Makes 8-10 servings
Ideal slow cooker size: 6 quarts
3 lbs red potatoes, quartered (with skins on)
1 1/2 cups water
2 garlic cloves, peeled
2 bay leaves
1 tsp salt
3 Tbsp butter
1/2 cup (plus more, if needed) half and half (or heavy cream or milk)
Salt and pepper to taste
1. Rinse the quartered potatoes with cold water (this will prevent them from getting brown) and place potatoes in bottom of slow cooker. Pour water over the potatoes.
2. Add in garlic cloves and bay leaves. Sprinkle the salt over the top.
3. Cover and cook on HIGH for 3 hours or LOW for about 4-6 hours (or until potatoes are tender).
4. When potatoes are tender, remove the bay leaves and garlic. Drain off the water.
5. Add the butter and half and half into the slow cooker. Mash the potatoes with a potato masher or use a hand mixer. Salt and pepper to taste and serve!
Review:
I don’t make mashed potatoes very often but after eating these I am going to more!! YUM. I loved using the red potatoes. They are my fave. I loved not having to peel them. These would be a perfect side dish to your Thanksgiving dinner. 4 stars.
Made these today for Thanksgiving dinner, and they were fantastic. I did add a little sour cream (about 6oz) in addition to the other ingredients. I'll definitely make them again! Thank you!!!
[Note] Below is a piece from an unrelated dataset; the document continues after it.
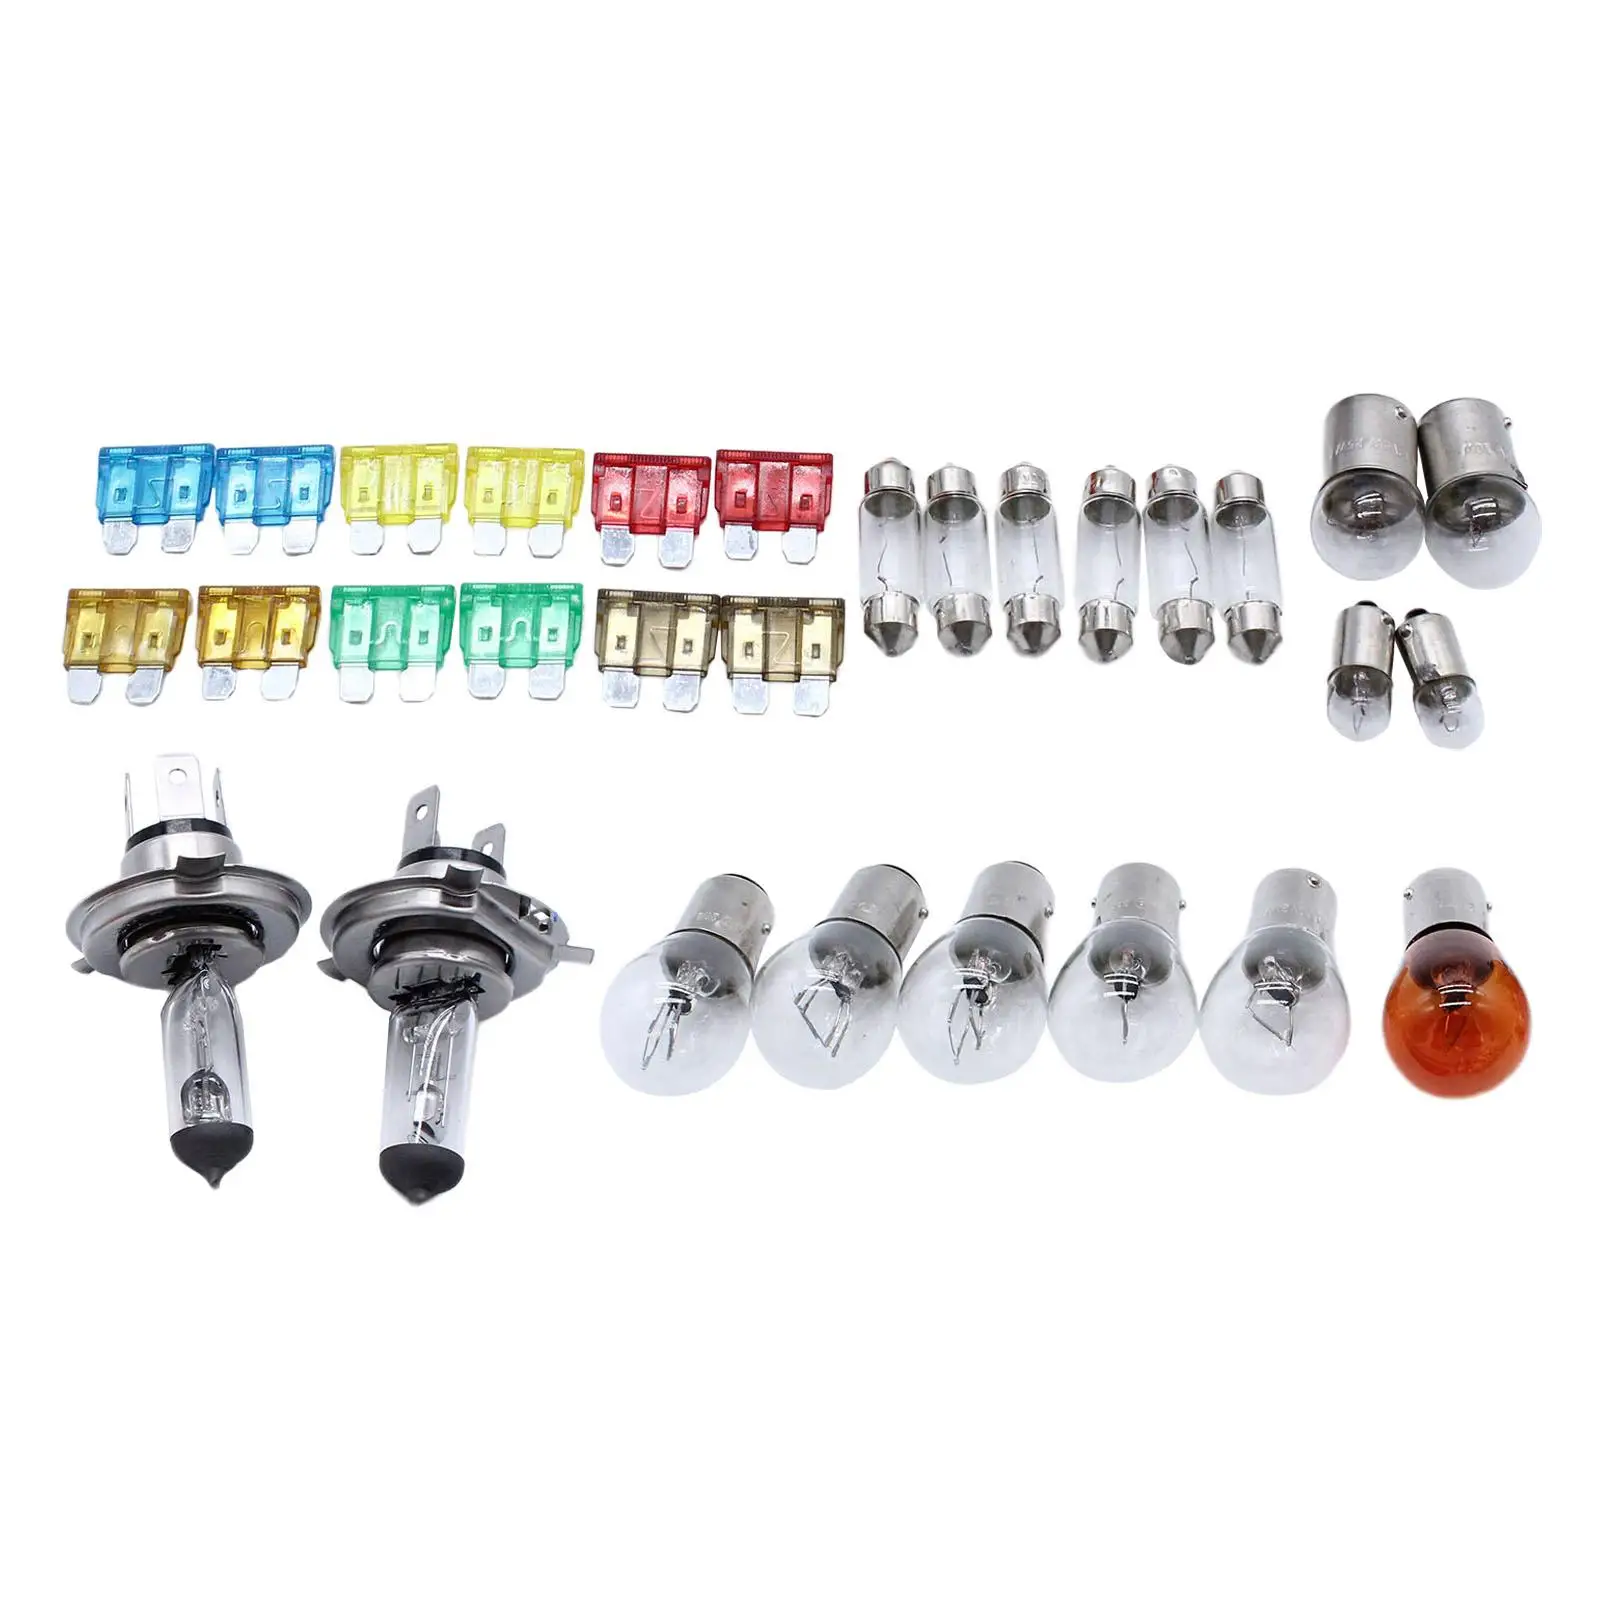 30 Pieces H4 Light Bulb Kit Set Automotive Headlight Bulbs Kit Spares Parts Fit for Cars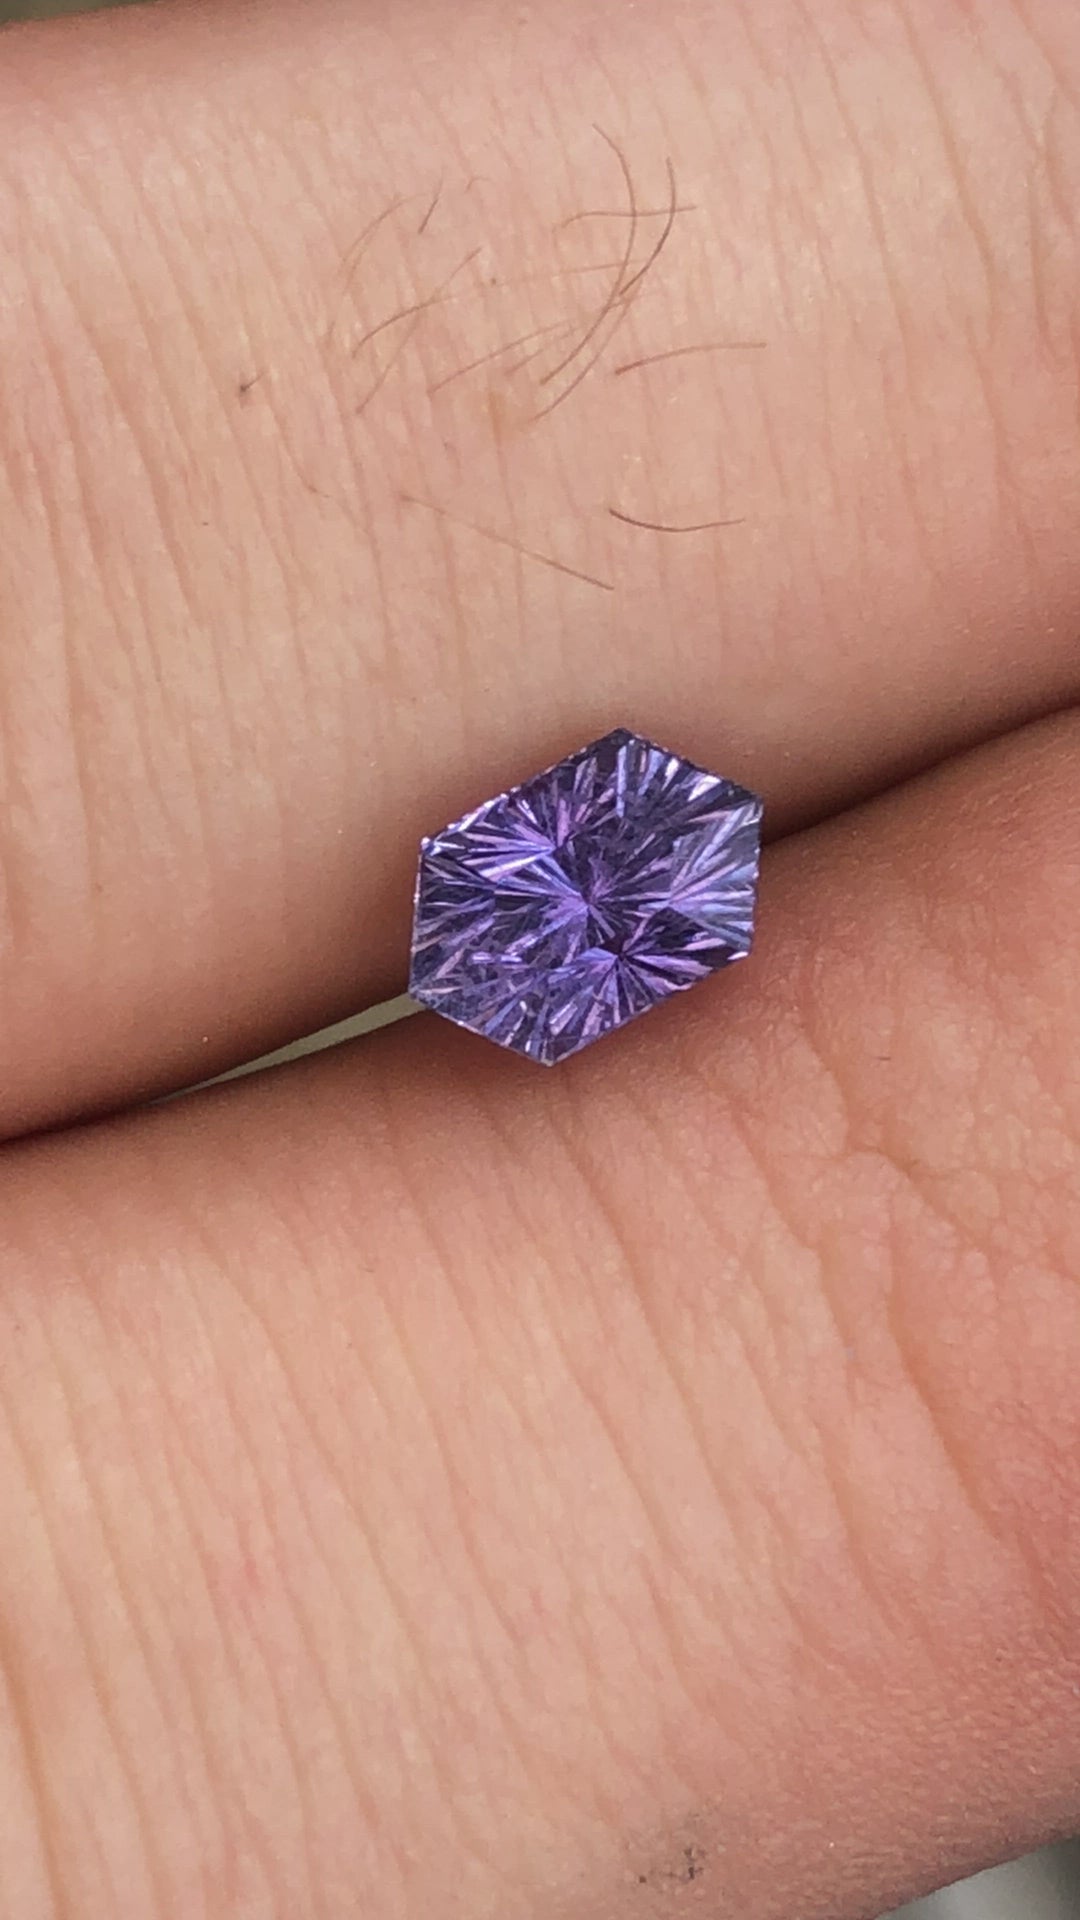 Hexagone Saphir Violet Taille Fantaisie - Saphir Taille Rupee - 1.12 carats 7x4.5mm

Awesome Tiffany! I bet the sour cream was awesome 🙂
These turned out so good and so easy to make!!
These turned out so good and so easy to make!!
Love the texture that the skin gives the mashed potatoes, they look amazing!
Thanks Kalyn. That is a great compliment coming from you! Thanks for linking it. 🙂
Nice photo! I am adding this to my round-up of slow cooker mashed potatoes right now!